Status in Racial Disputes
Griffith Stadium was located in the Shaw Neighborhood of Washington, D.C., a historically black area since the Civil War. The neighborhood was home to many black working-class people, but also a class of young, professional African American "elite" such as Langston Hughes. Duke Ellington worked at Griffith selling hot dogs during his childhood.
Griffith Stadium was not officially segregated, although an unofficial policy early after the 1920s expansion was that blacks sat in the right field pavilion. Calvin Griffith, nephew of Clark Griffith, claimed that the segregated seats were a result of "colored preachers ... asking Mr. Griffith to put aside a section for the black people."
Shorty after the end of World War I, after a report that several white women had been raped by a black man, a large group of whites seeking revenge marched toward the Shaw neighborhood. However, a conflict was avoided after these men came upon "a group of two thousand armed black men," who had been prepared and gotten their weapons at Griffith Stadium, chosen as a meeting place because of its landmark status in the community.

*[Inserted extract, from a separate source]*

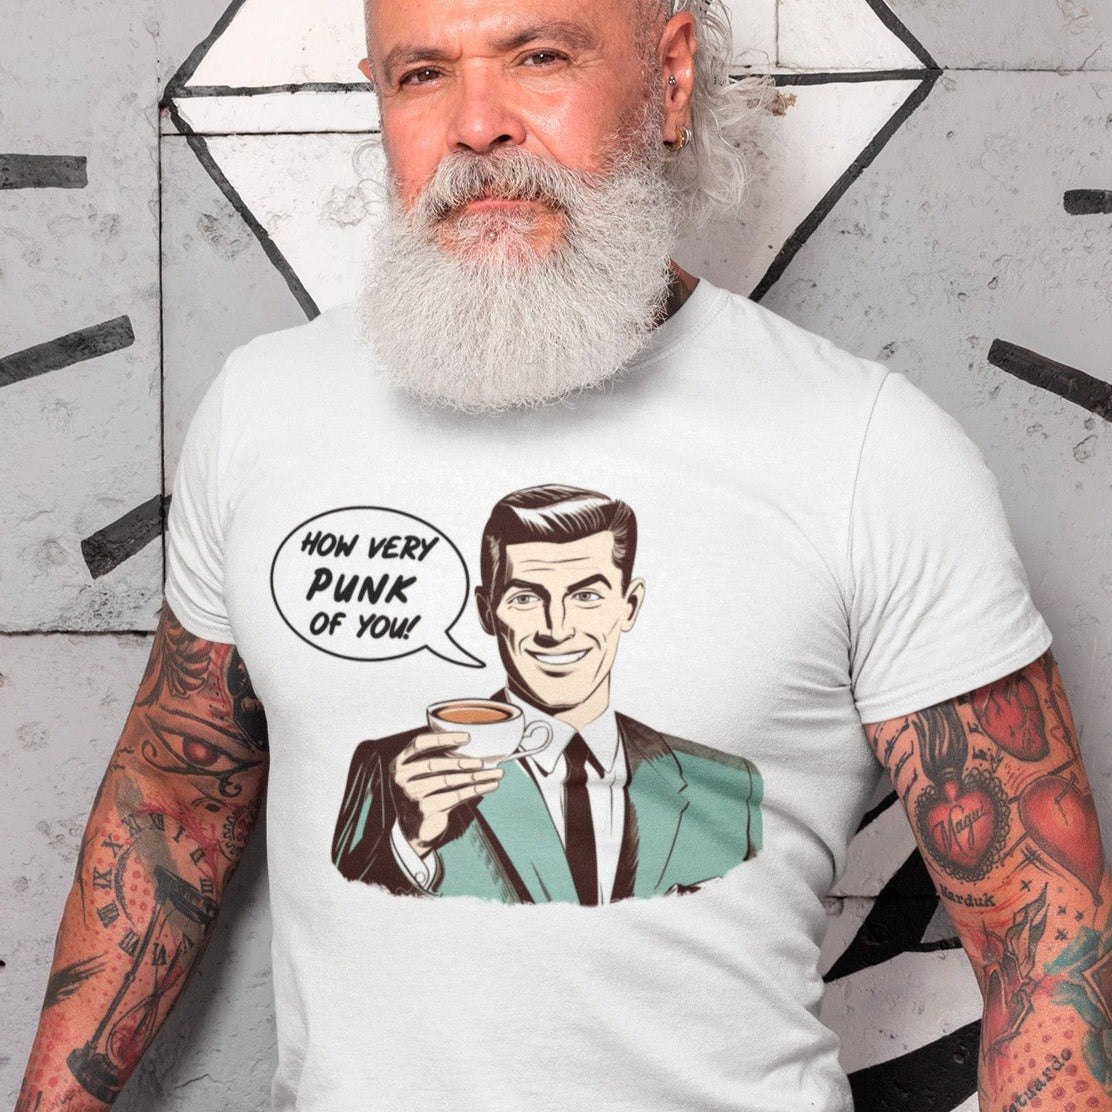 punk-coffee-funny-cartoon-white-t-shirt-tee-mockup-featuring-a-senior-man-with-a-white-beard-and-tattoos
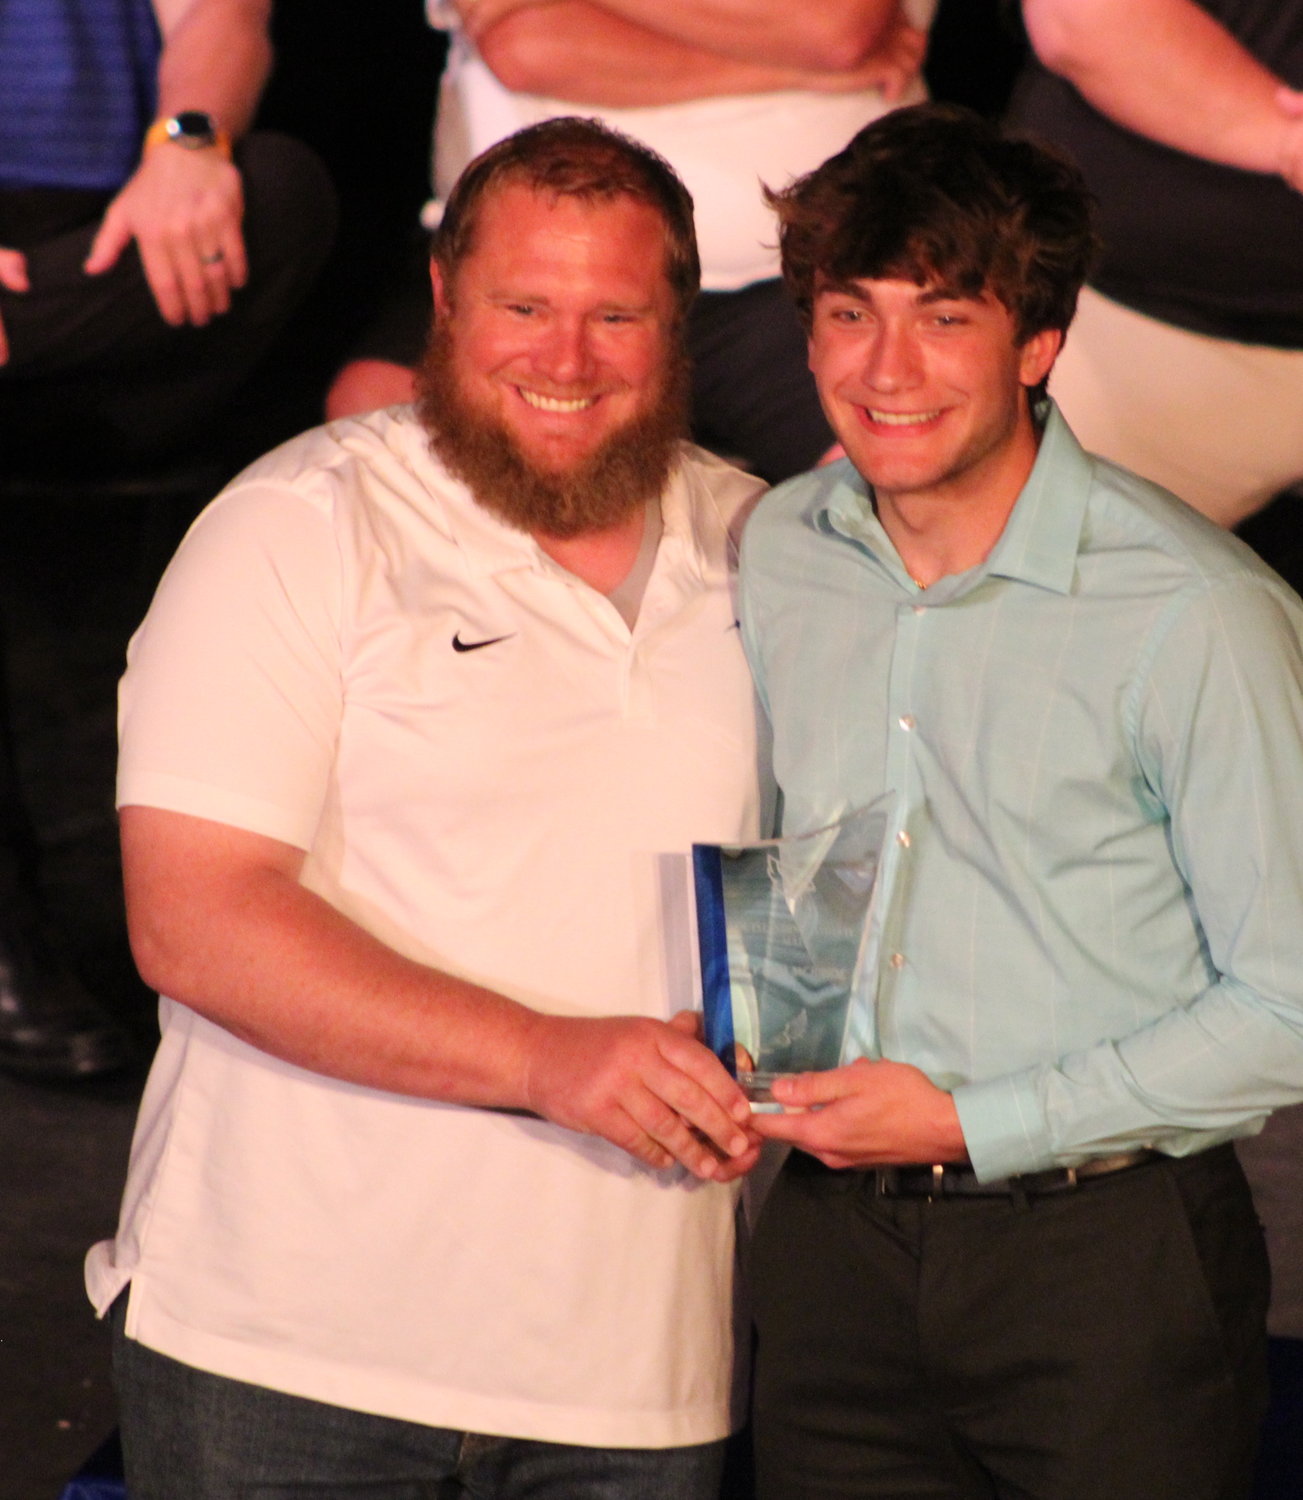 (Left to right) Roy Kaderly and Outstanding Athlete recipient Peyton McBride.

Senators management, seemingly uneasy about racial matters, were latecomers to integrating their team, hiring their first black player in late summer of 1954. The segregationist policy of the Redskins was more overt and controversial. In October 1957, a group of blacks picketed multiple times in front of Griffith Stadium, protesting the lack of black players on the Redskins. It would be five more years before the Redskins finally began employing black players, the last NFL team to erase the color line.